(Records contained in a dataset)
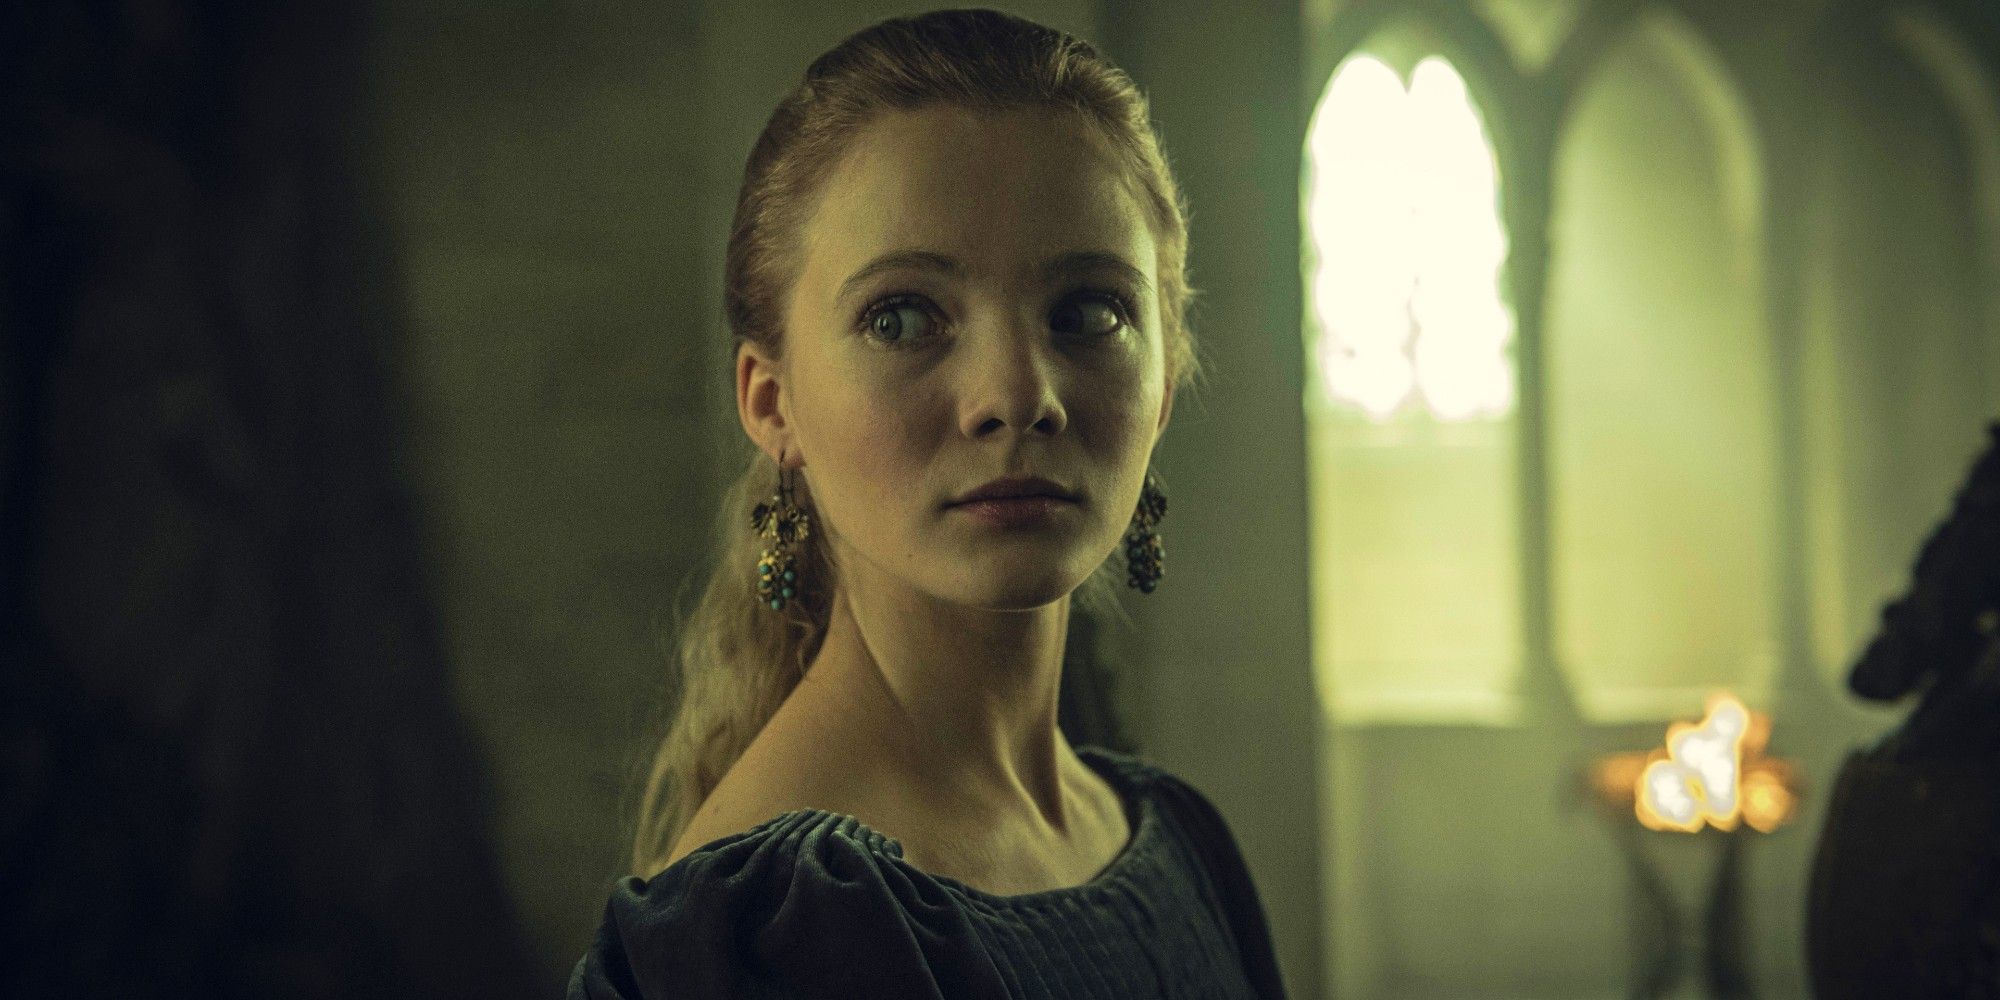 Freya Allan as Ciri looking worried in The Witcher
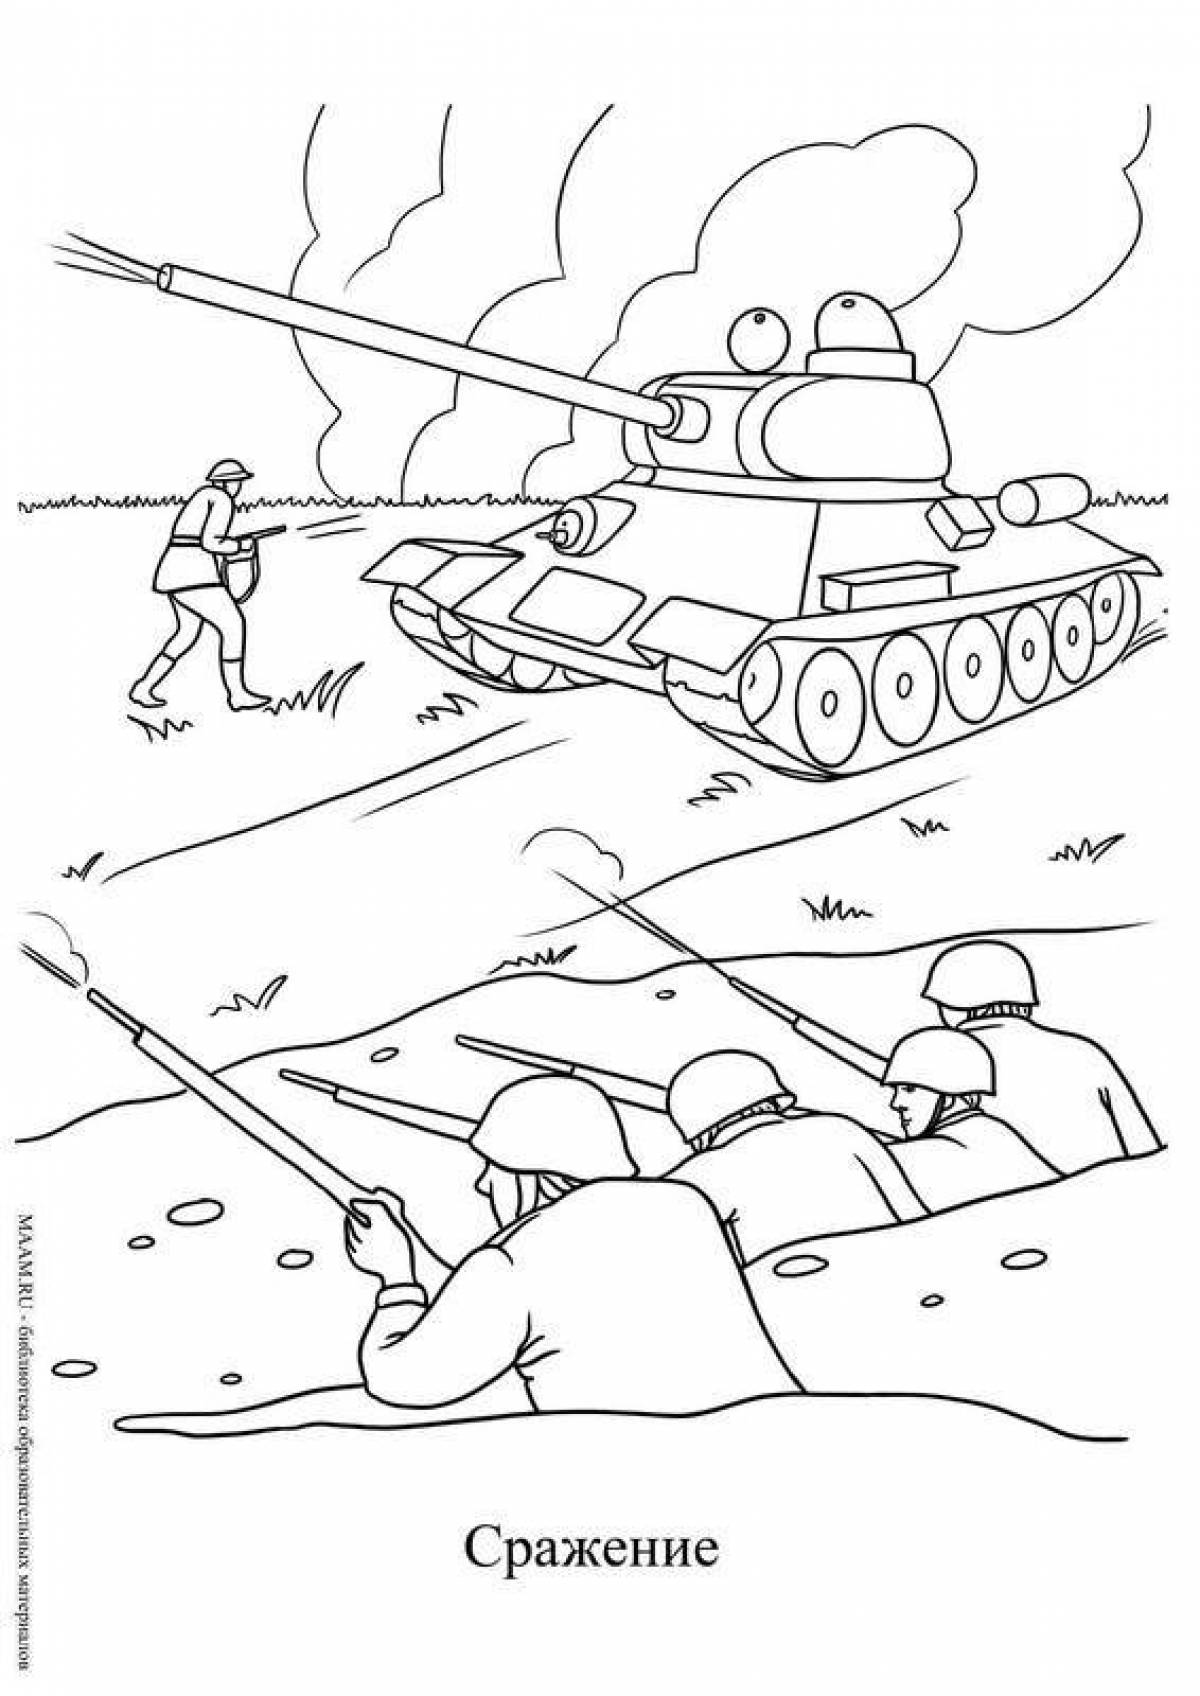 Coloring book joyful battle of Stalingrad for children
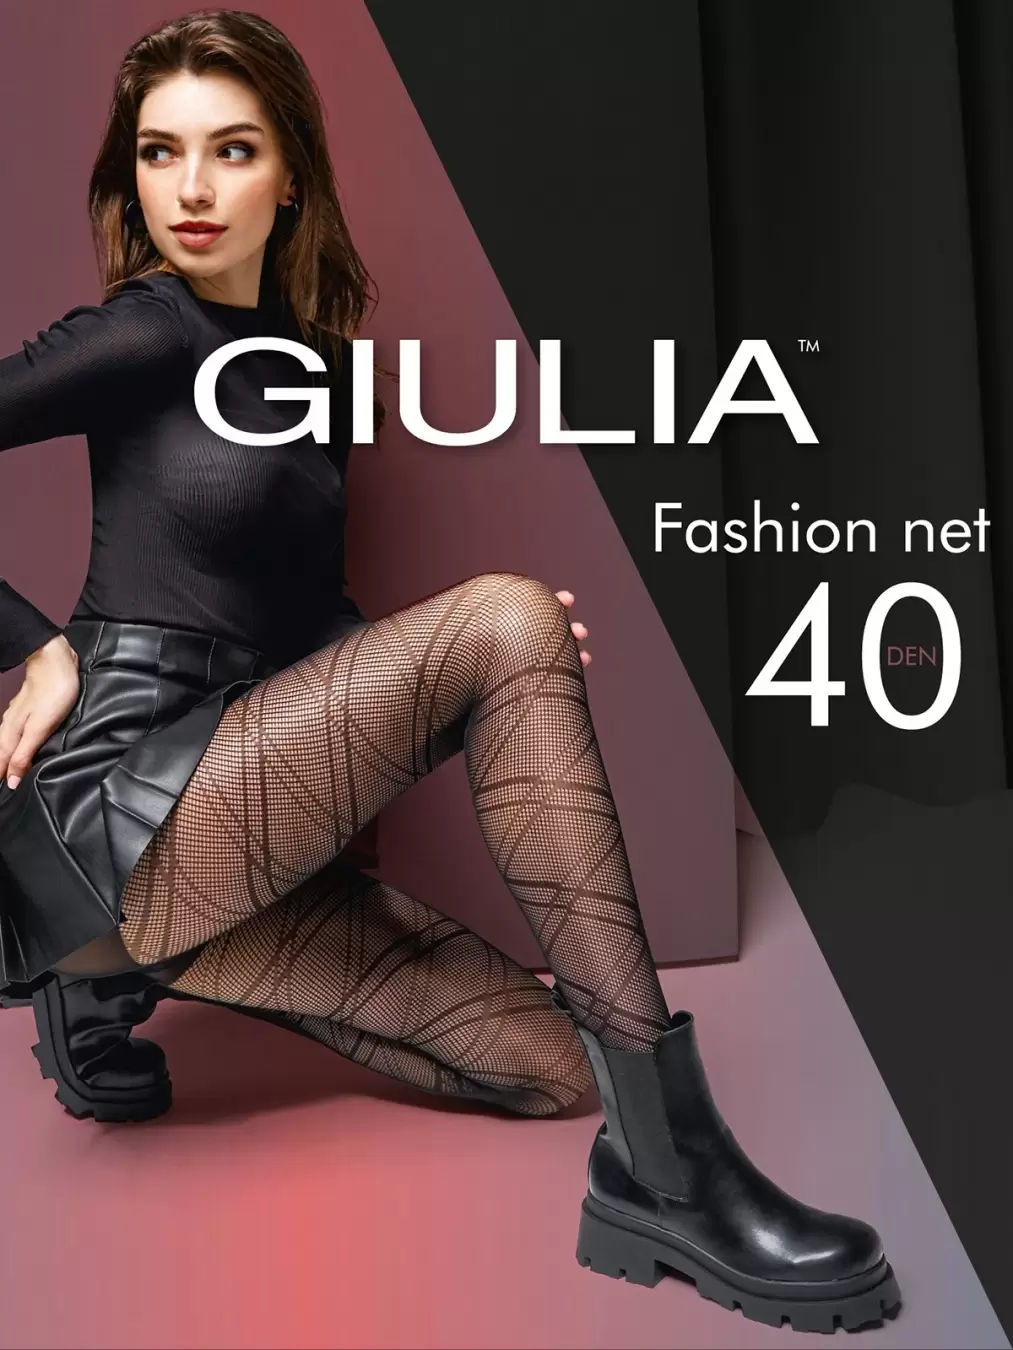 Giulia FASHION NET 04, фантазийные колготки (изображение 1)
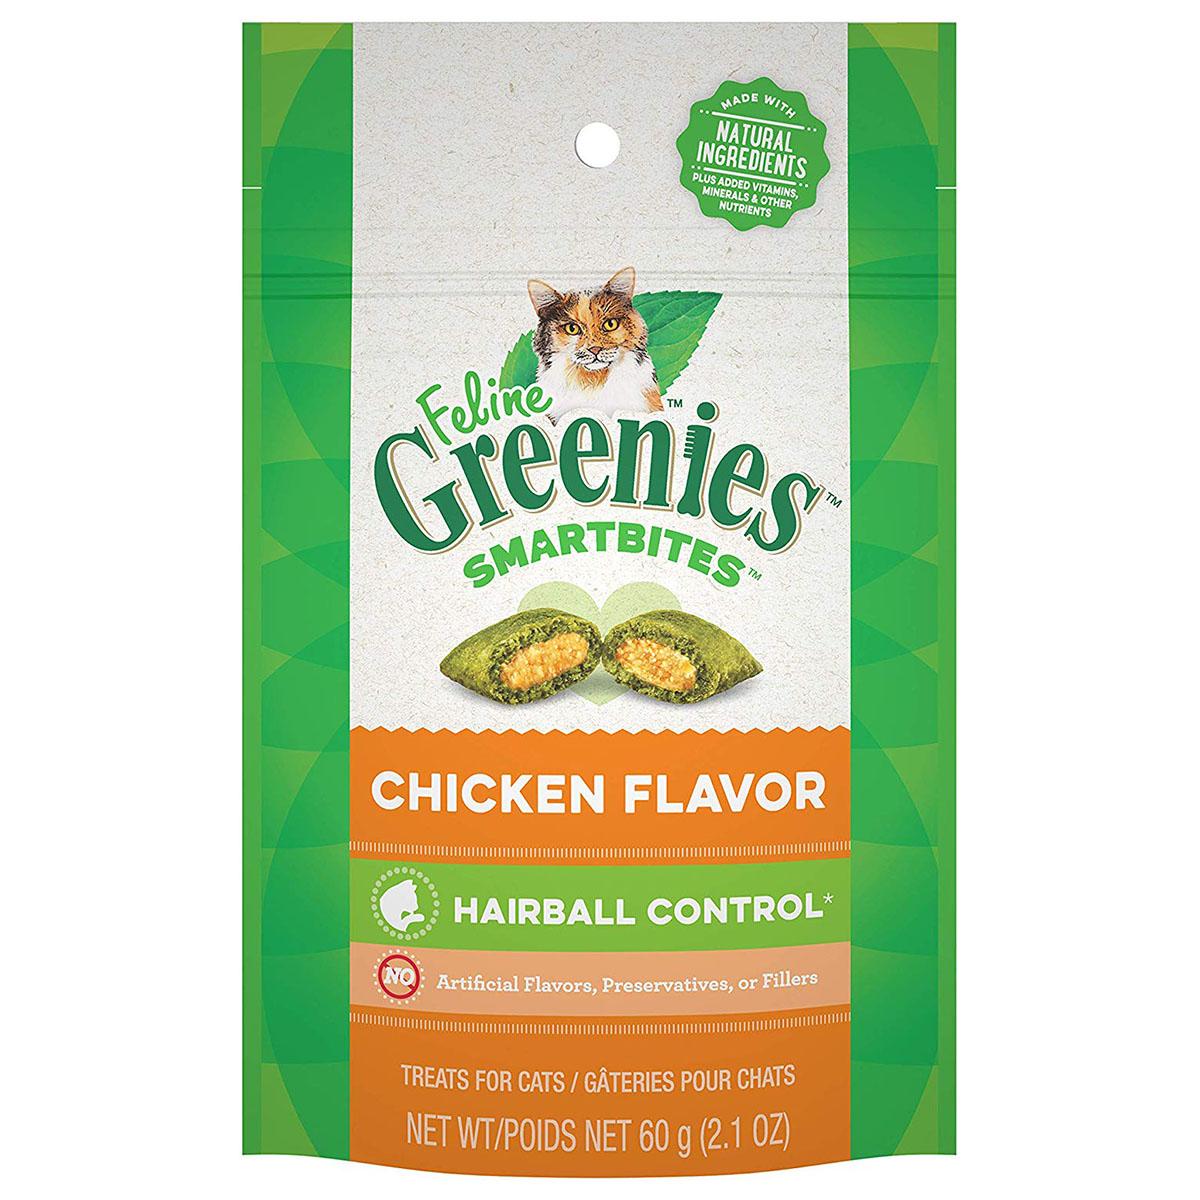 Greenies Smartbites Hairball Control Cat Treats - Chicken
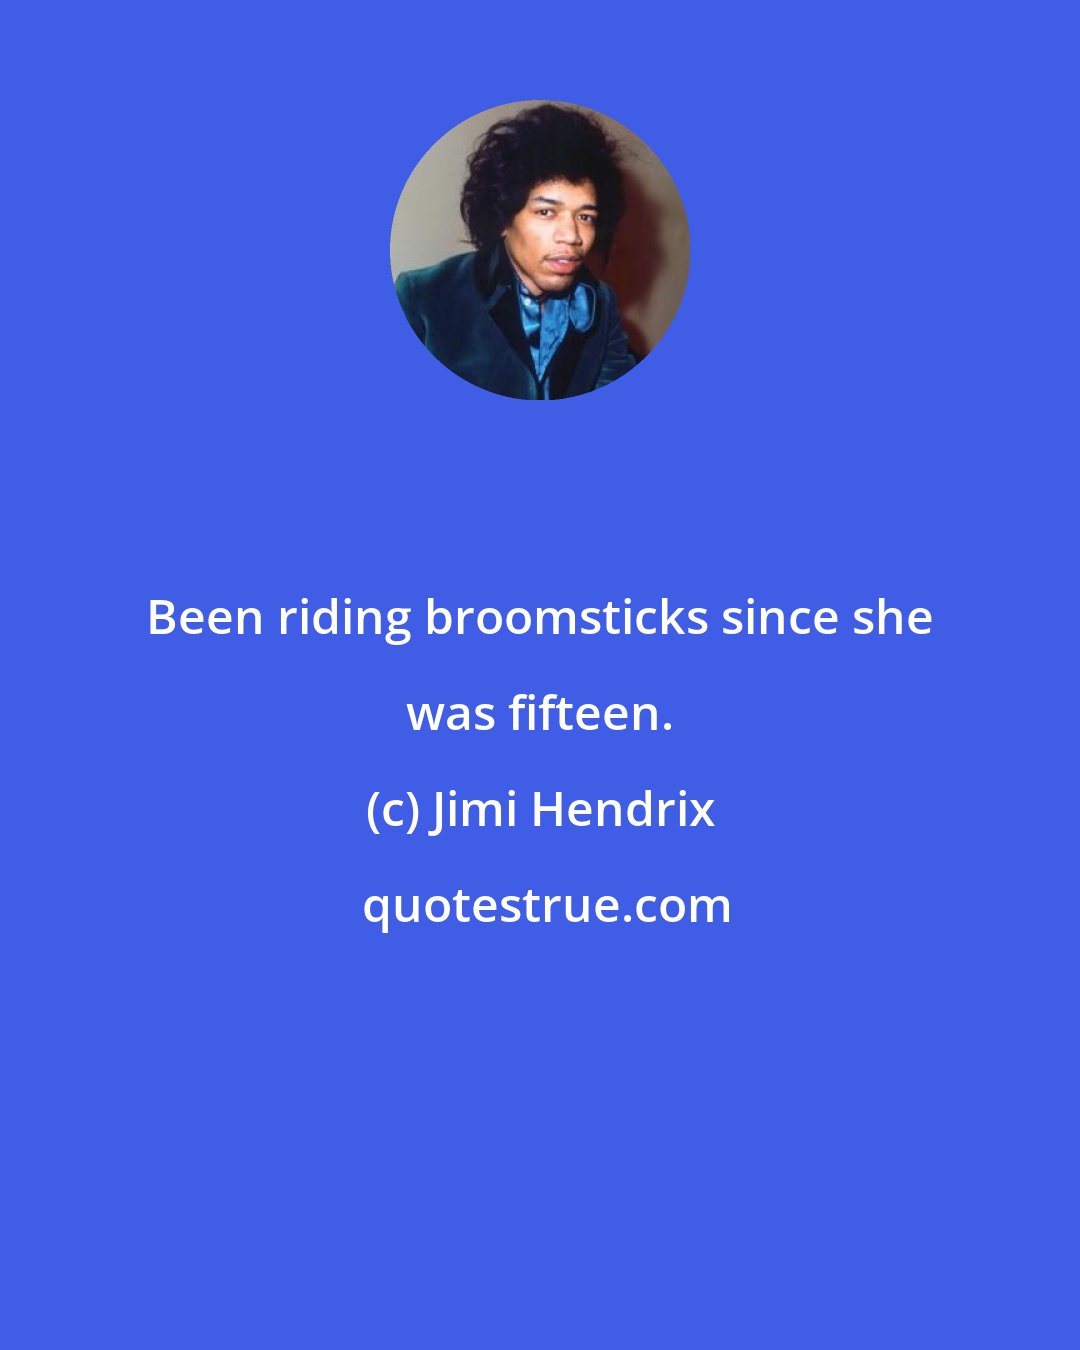 Jimi Hendrix: Been riding broomsticks since she was fifteen.

Goal of the exercise: Could the data above be reproduced exactly, with the pictures left out?

Solved problem:
 Freya Allan as Ciri looking worried in The Witcher
 Coloring book joyful battle of Stalingrad for children
 Giulia FASHION NET 04, фантазийные колготки (изображение 1)
 Greenies Smartbites Hairball Control Cat Treats - Chicken
 Jimi Hendrix: Been riding broomsticks since she was fifteen.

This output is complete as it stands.